» Collected data
=====
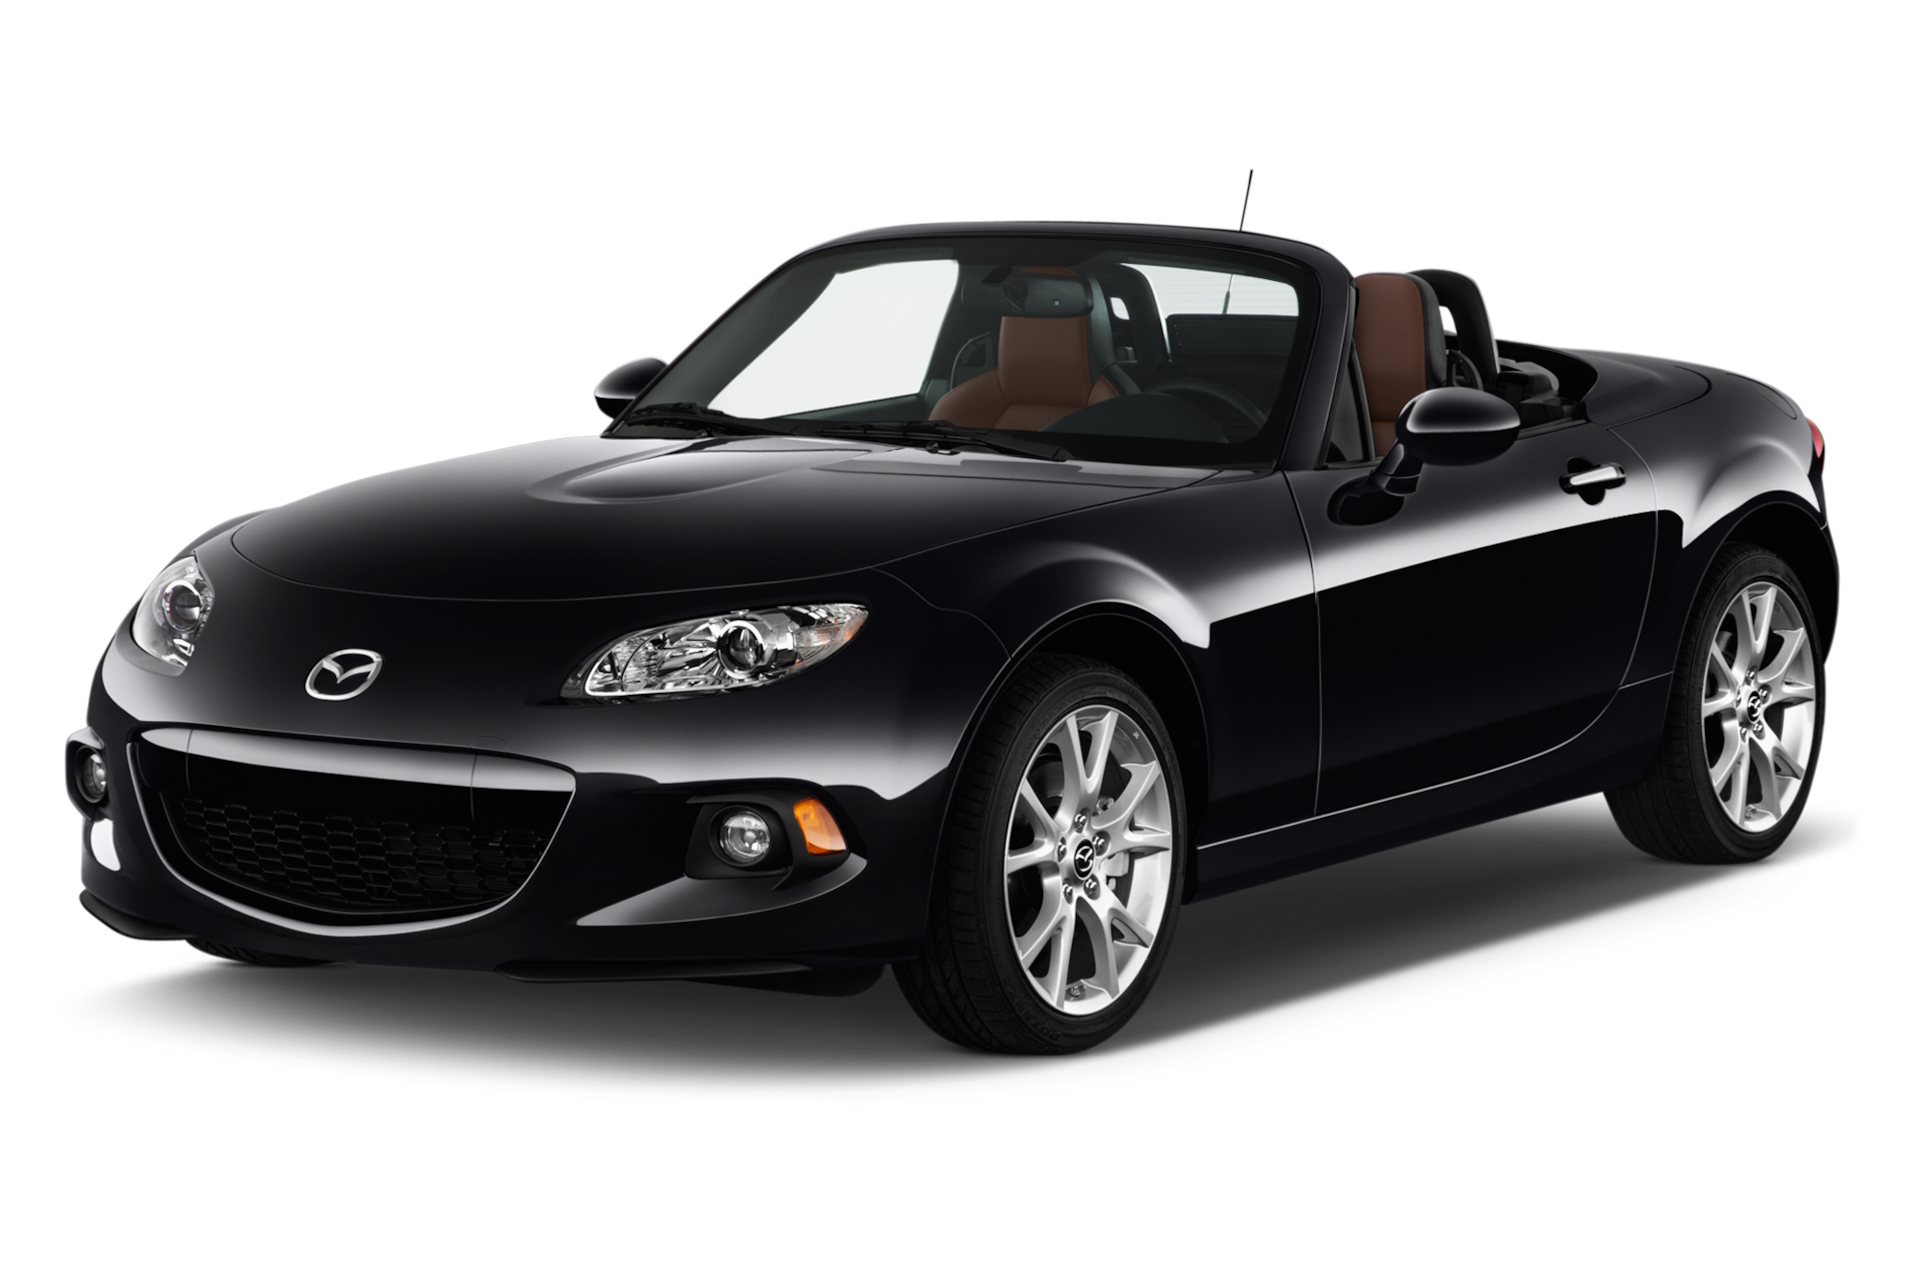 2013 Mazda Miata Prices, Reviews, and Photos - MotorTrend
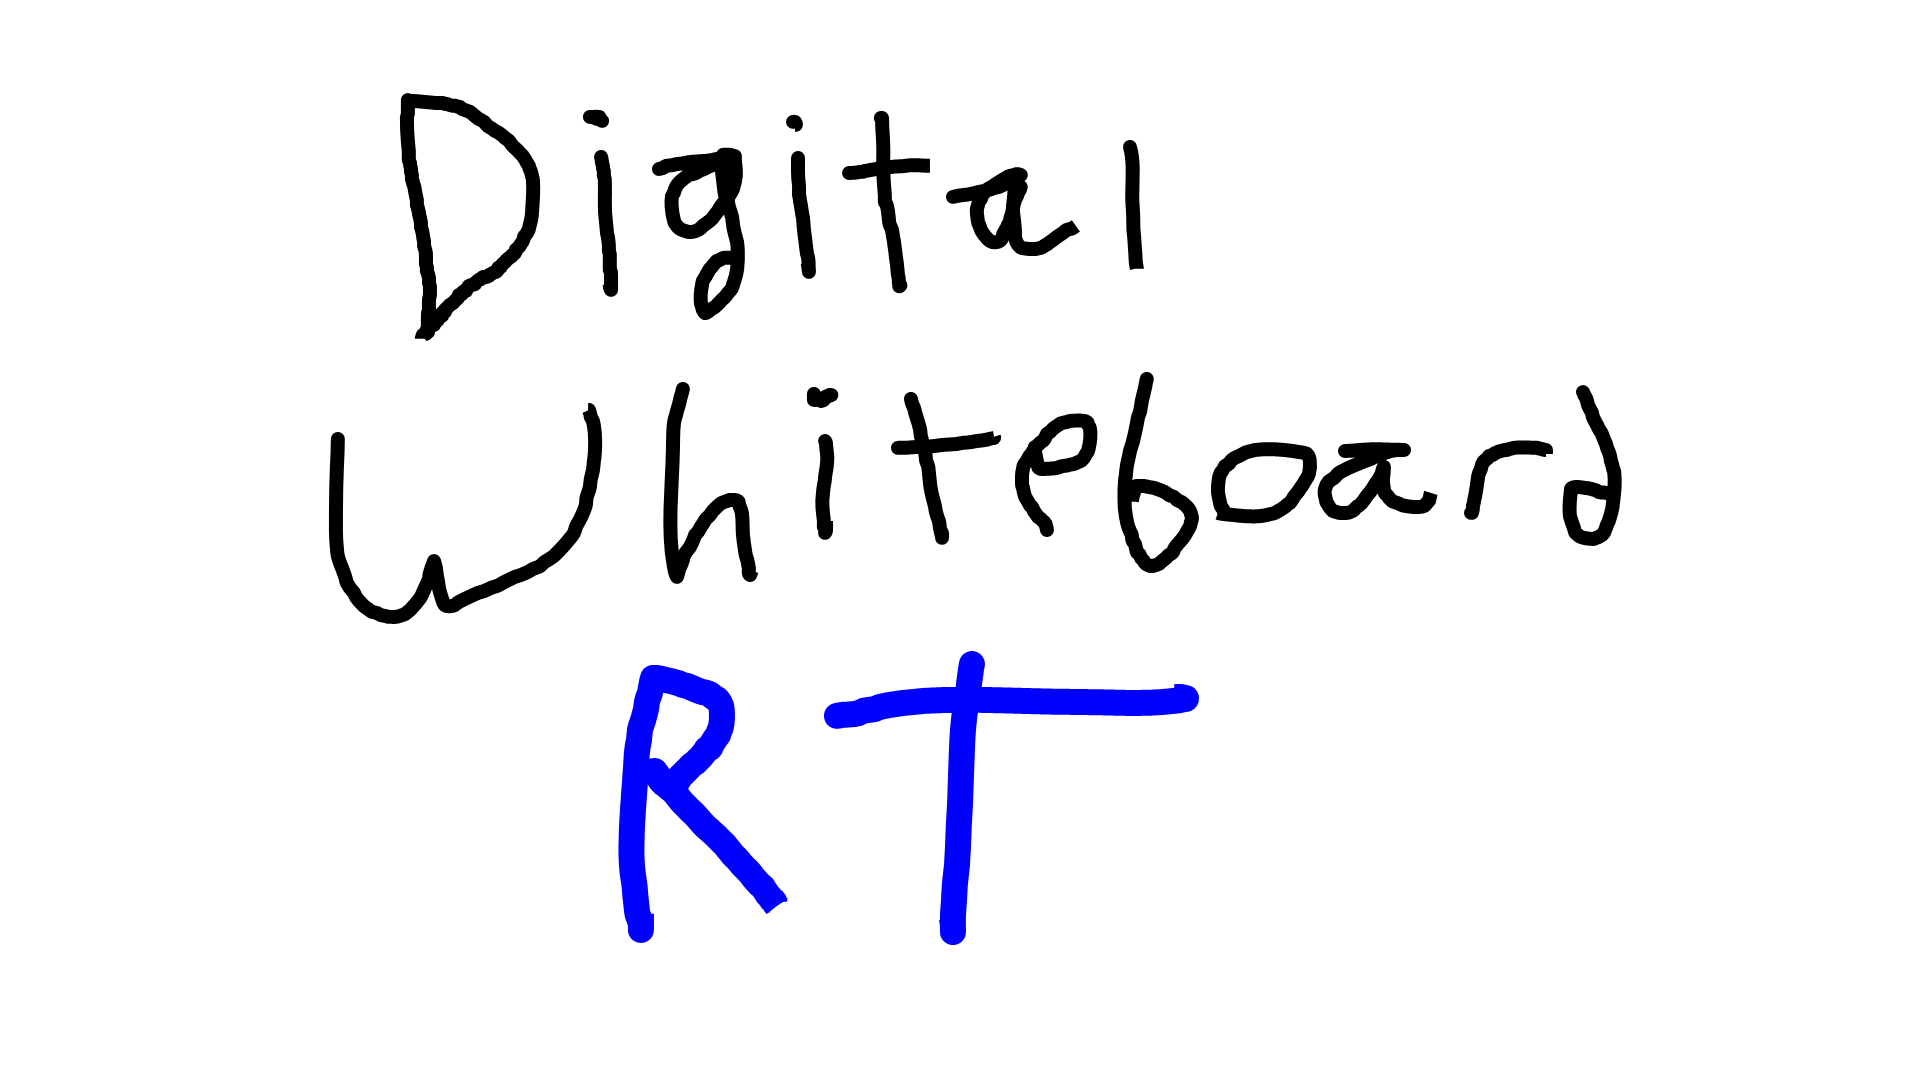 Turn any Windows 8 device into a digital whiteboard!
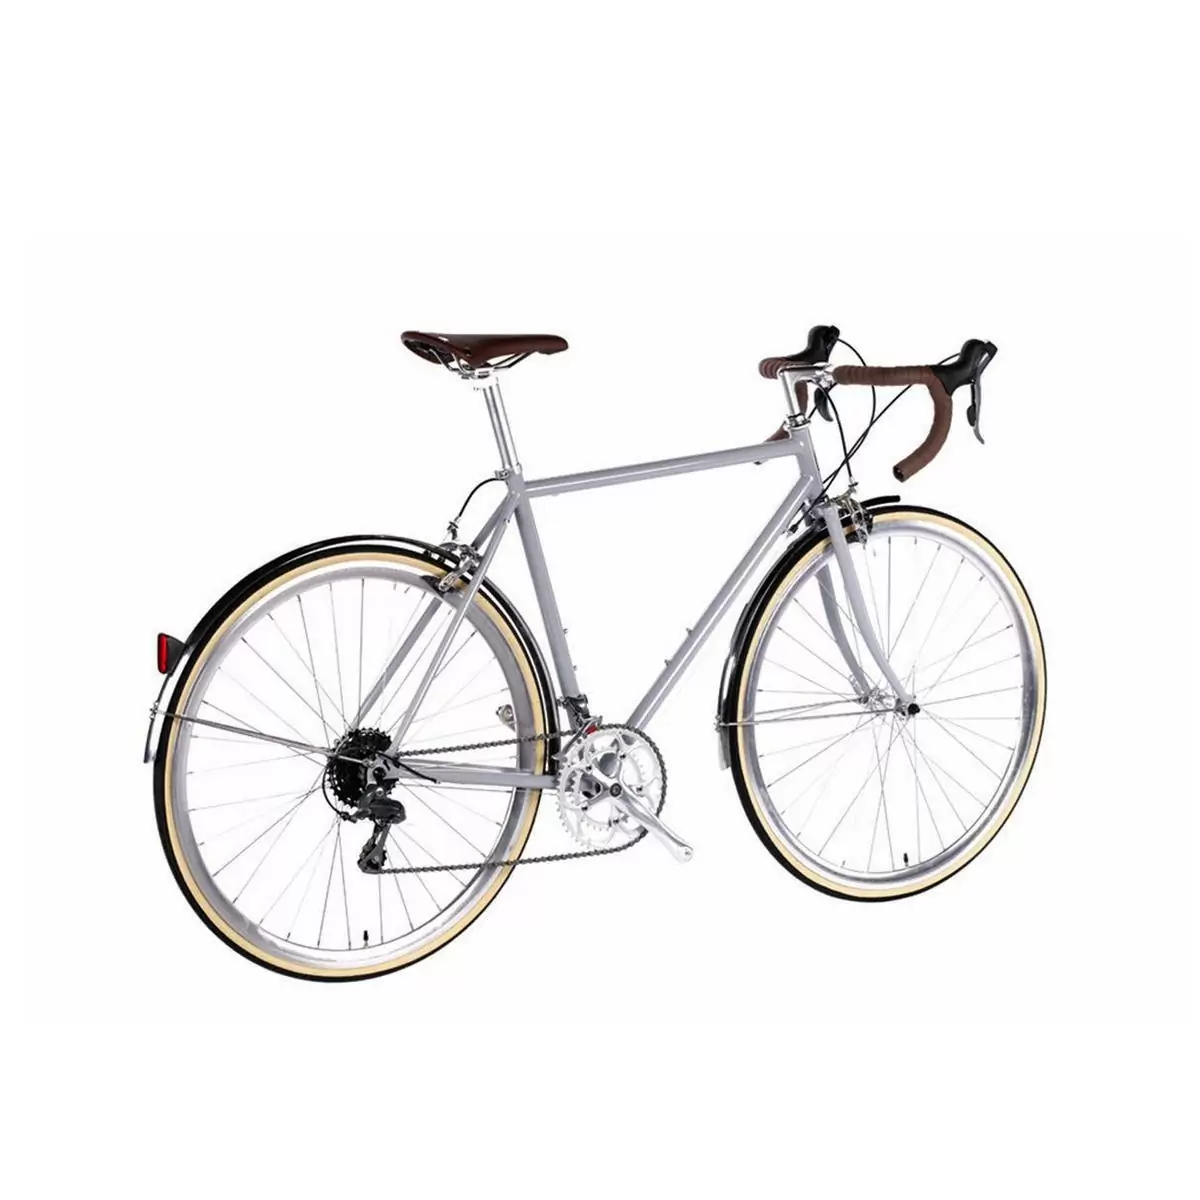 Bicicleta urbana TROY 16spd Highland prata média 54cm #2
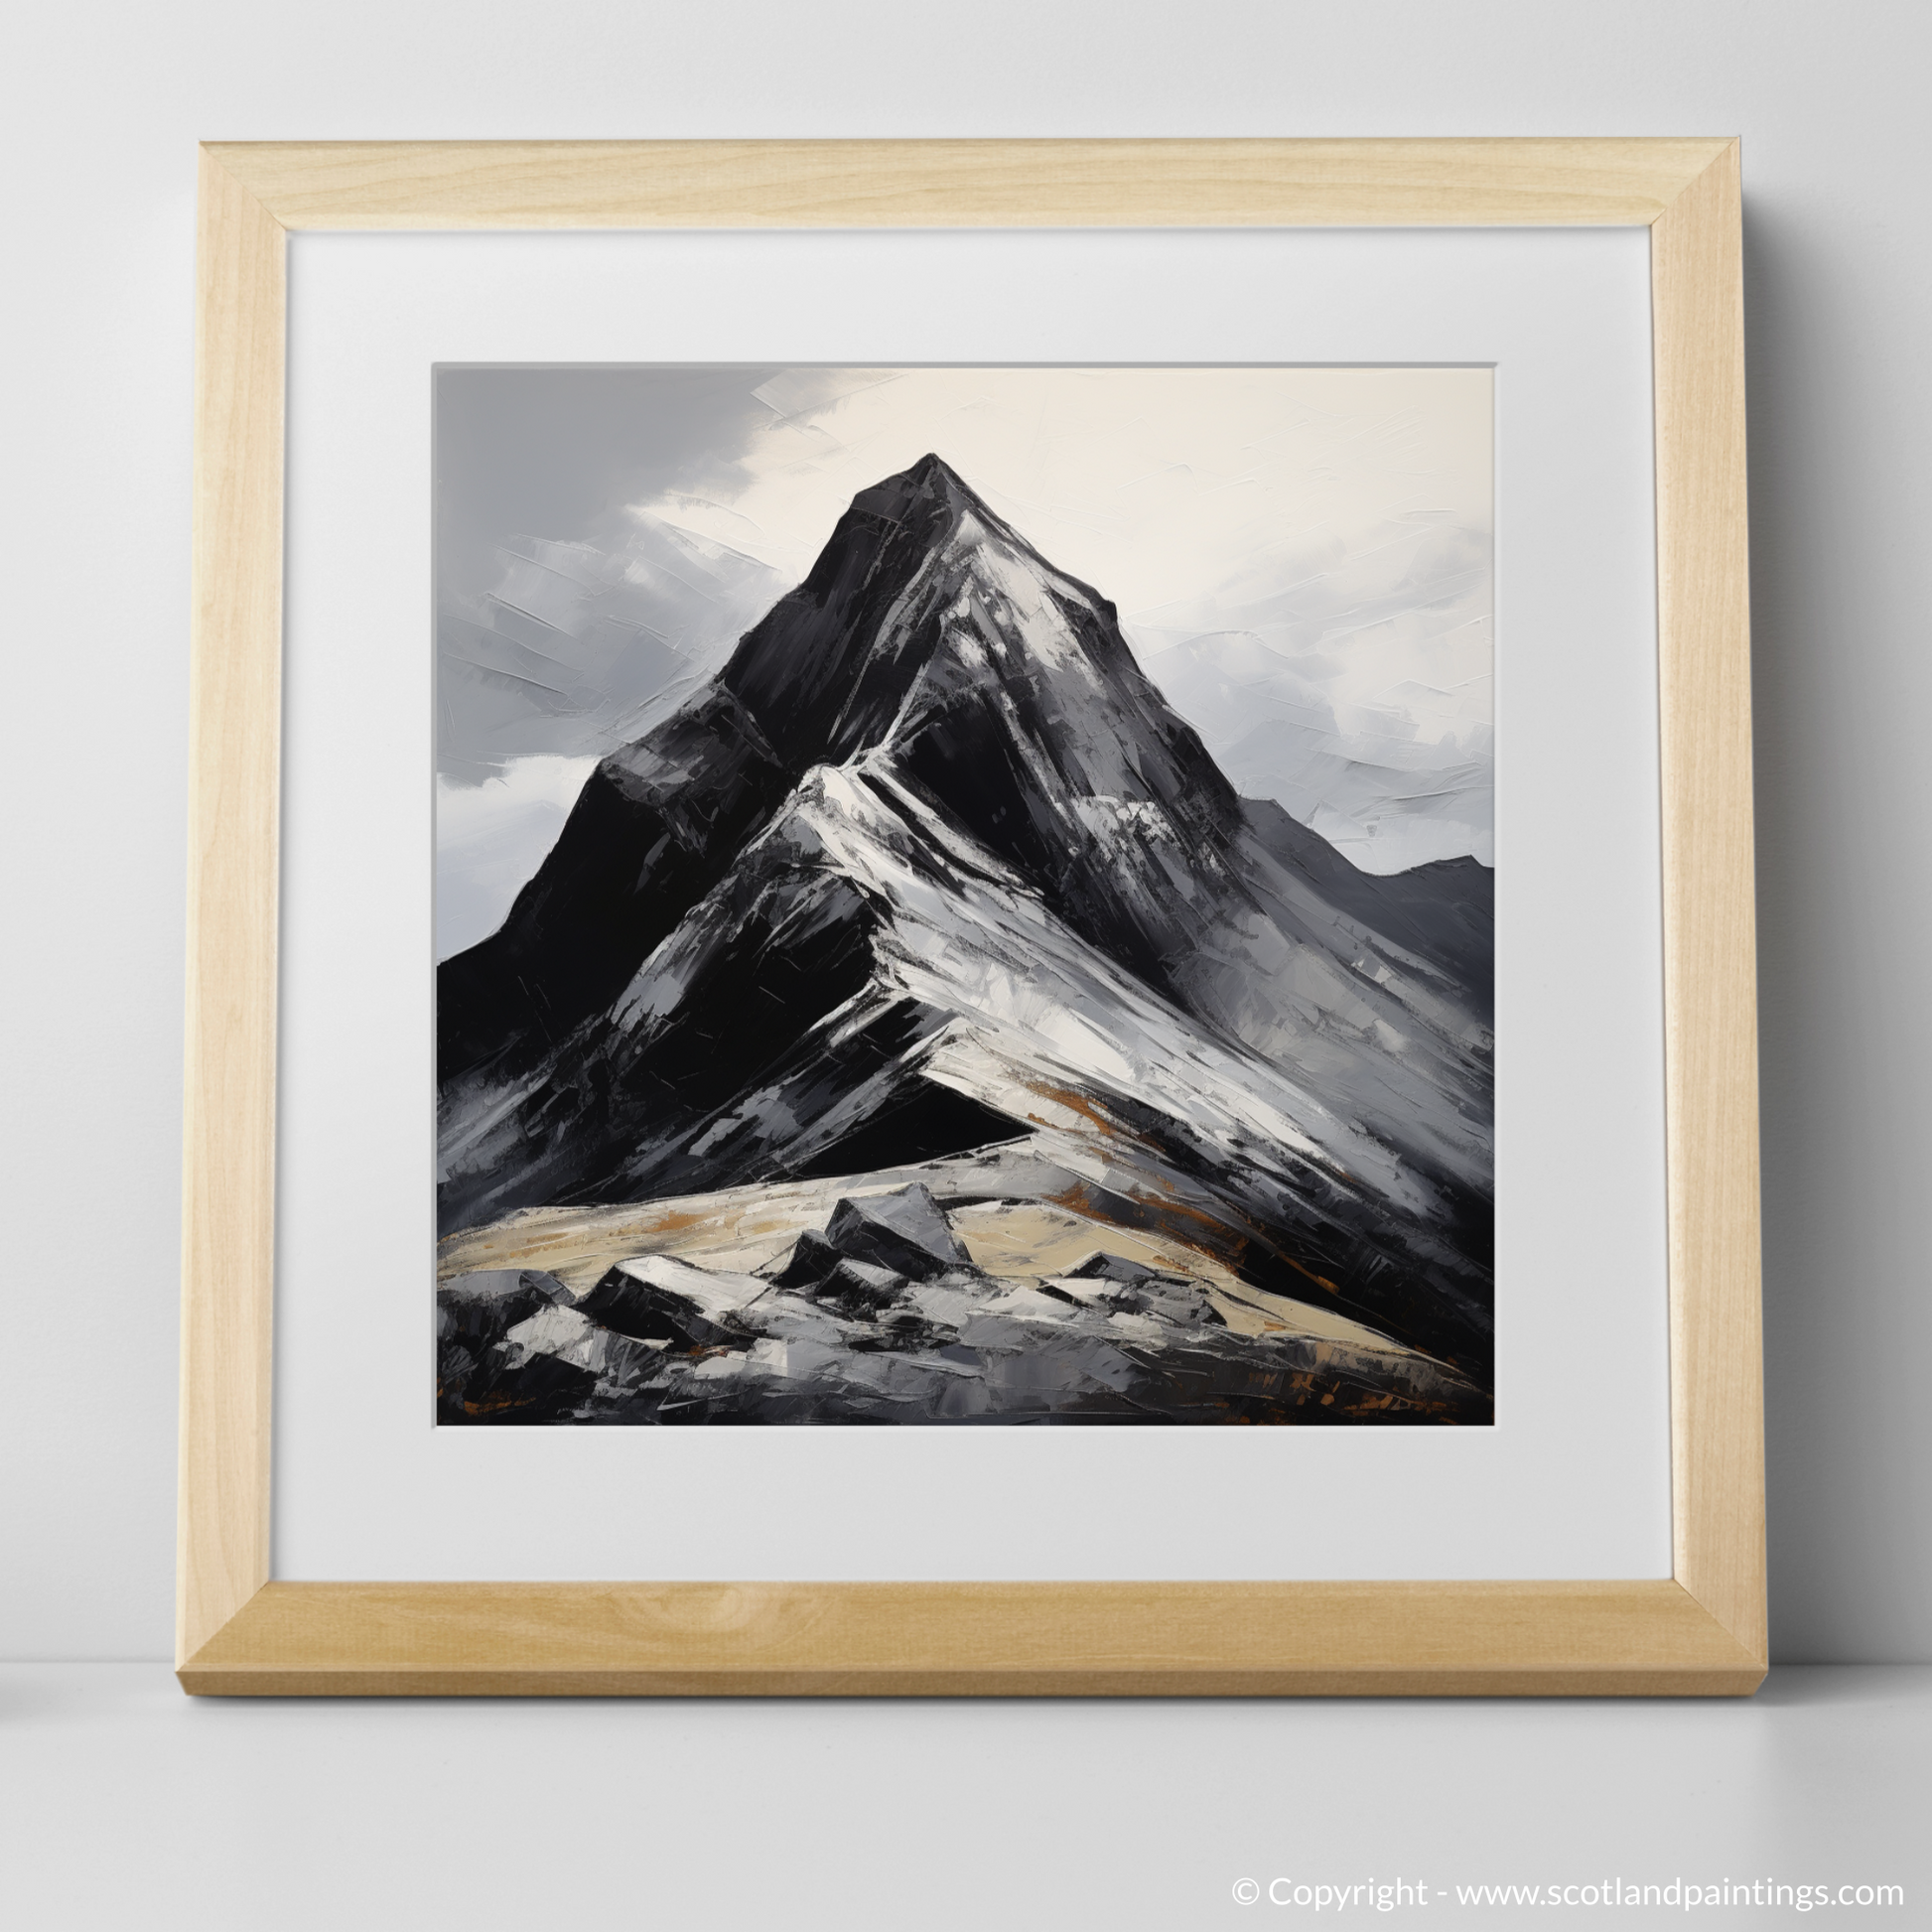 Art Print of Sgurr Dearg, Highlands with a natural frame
=====
» What is expected
Omitting the pictures, write out the material above exactly as it stands.

» Task solution
 2013 Mazda Miata Prices, Reviews, and Photos - MotorTrend
 Turn any Windows 8 device into a digital whiteboard!
 Bicicleta urbana TROY 16spd Highland prata média 54cm #2
 Art Print of Sgurr Dearg, Highlands with a natural frame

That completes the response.